Cross platform microarray analysis for robust identification of differentially expressed genes

Background: Microarrays have been widely used for the analysis of gene expression and several commercial platforms are available. The combined use of multiple platforms can overcome the inherent biases of each approach, and may represent an alternative that is complementary to RT-PCR for identification of the more robust changes in gene expression profiles. In this paper, we combined statistical and functional analysis for the cross platform validation of two oligonucleotide-based technologies, Affymetrix (AFFX) and Applied Biosystems (ABI), and for the identification of differentially expressed genes. Results: In this study, we analysed differentially expressed genes after treatment of an ovarian carcinoma cell line with a cell cycle inhibitor. Treated versus control RNA was analysed for expression of 16425 genes represented on both platforms. We assessed reproducibility between replicates for each platform using CAT plots, and we found it high for both, with better scores for AFFX. We then applied integrative correlation analysis to assess reproducibility of gene expression patterns across studies, bypassing the need for normalizing expression measurements across platforms. We identified 930 genes as differentially expressed on AFFX and 908 on ABI, with similar to 80% common to both platforms. Despite the different absolute values, the range of intensities of the differentially expressed genes detected by each platform was similar.

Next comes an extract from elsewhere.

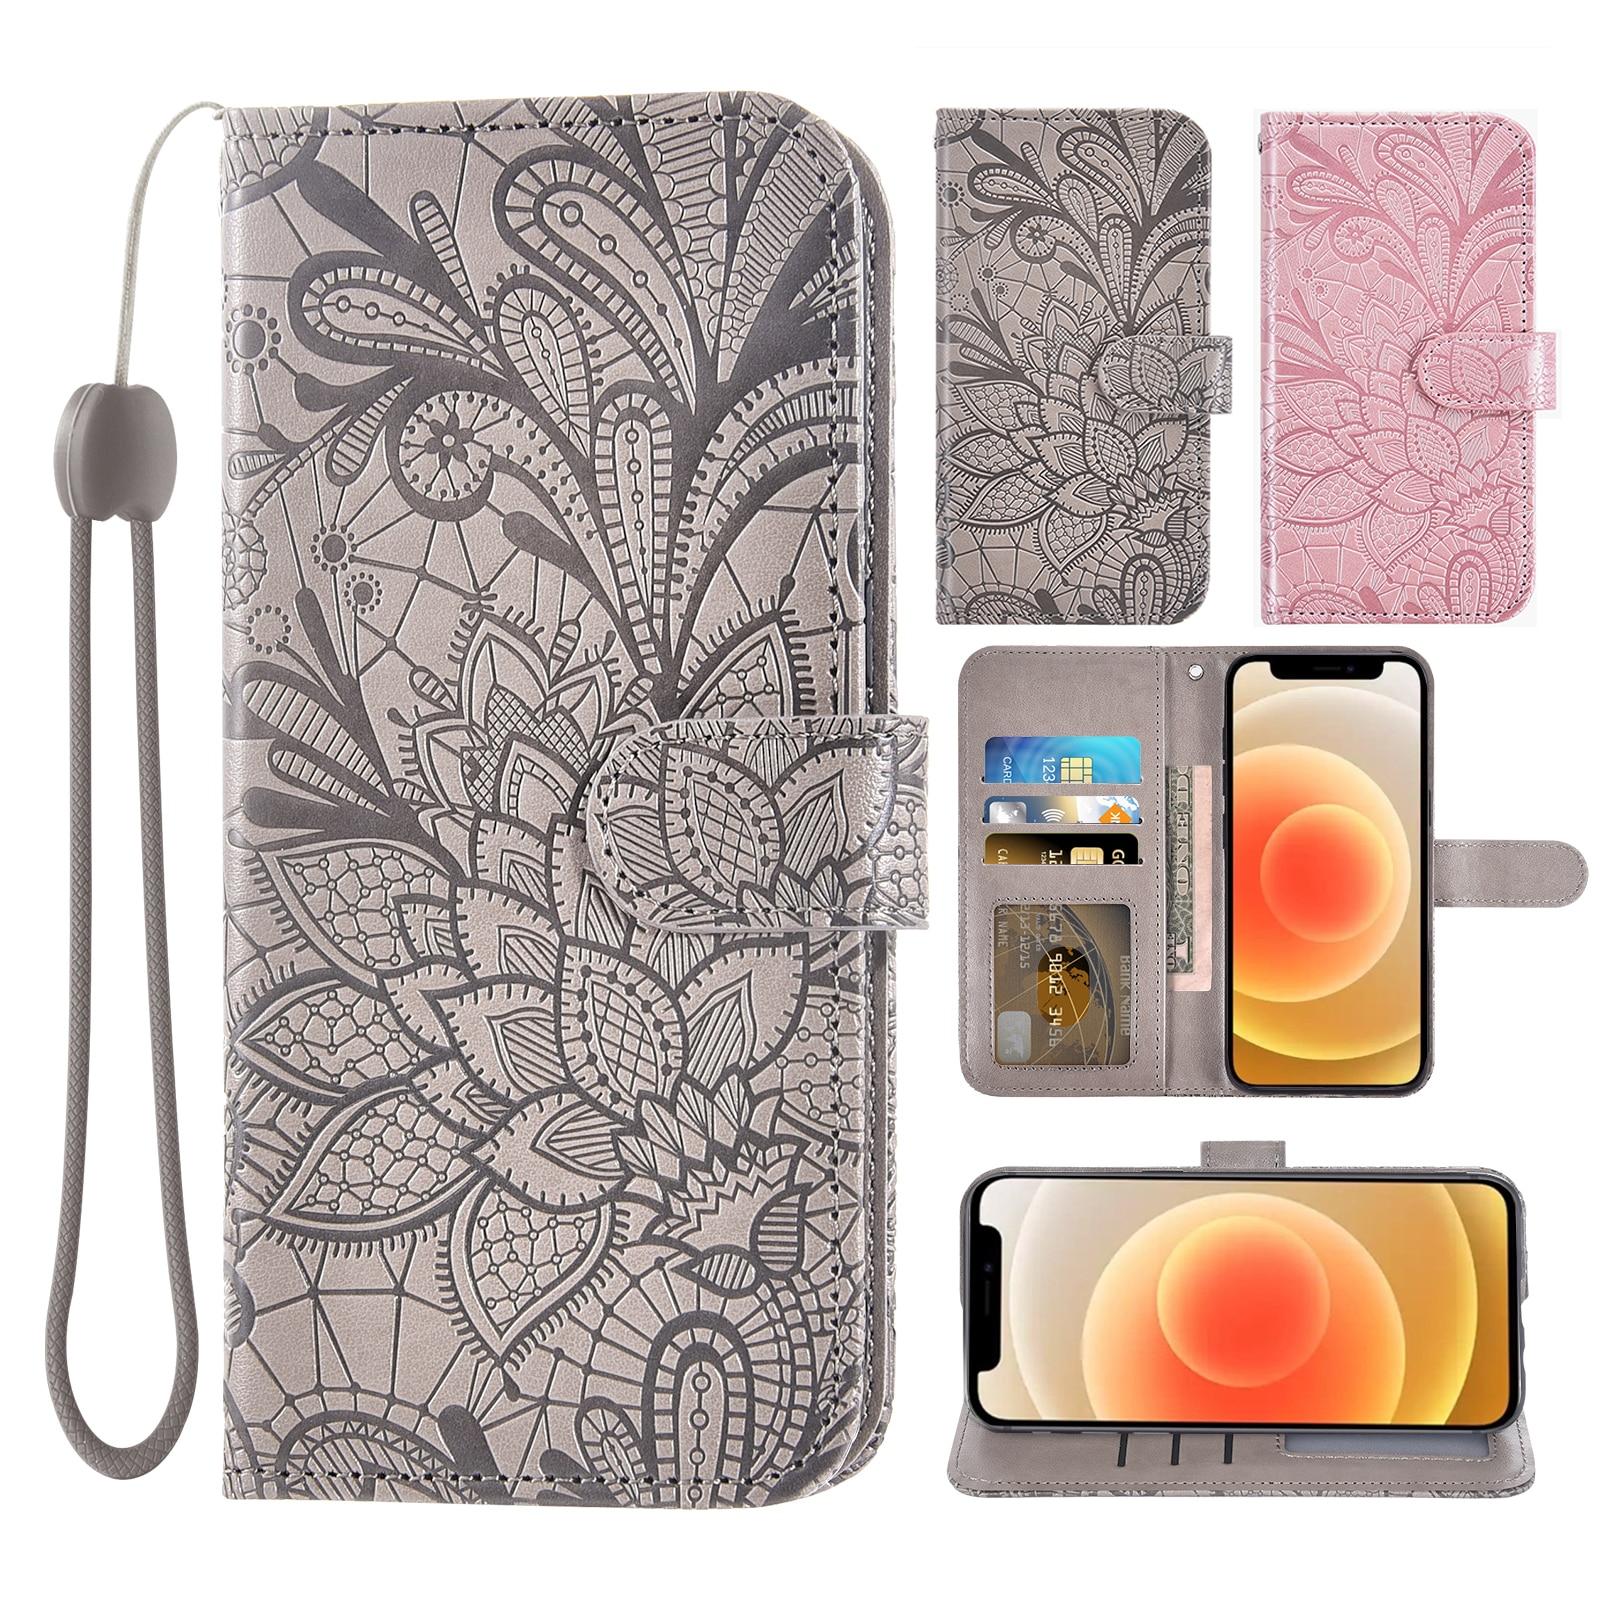 Luxury Flip Cover Leather Wallet Phone Case For Nokia G10 Nokia G20 Credit card slot wrist Women Men

ABI showed a slightly higher dynamic range in FC values, which might be associated with its detection system. 62/66 genes identified as differentially expressed by Microarray were confirmed by RT-PCR. Conclusion: In this study we present a cross-platform validation of two oligonucleotide-based technologies, AFFX and ABI. We found good reproducibility between replicates, and showed that both platforms can be used to select differentially expressed genes with substantial agreement. Pathway analysis of the affected functions identified themes well in agreement with those expected for a cell cycle inhibitor, suggesting that this procedure is appropriate to facilitate the identification of biologically relevant signatures associated with compound treatment. The high rate of confirmation found for both common and platform-specific genes suggests that the combination of platforms may overcome biases related to probe design and technical features, thereby accelerating the identification of trustworthy differentially expressed genes.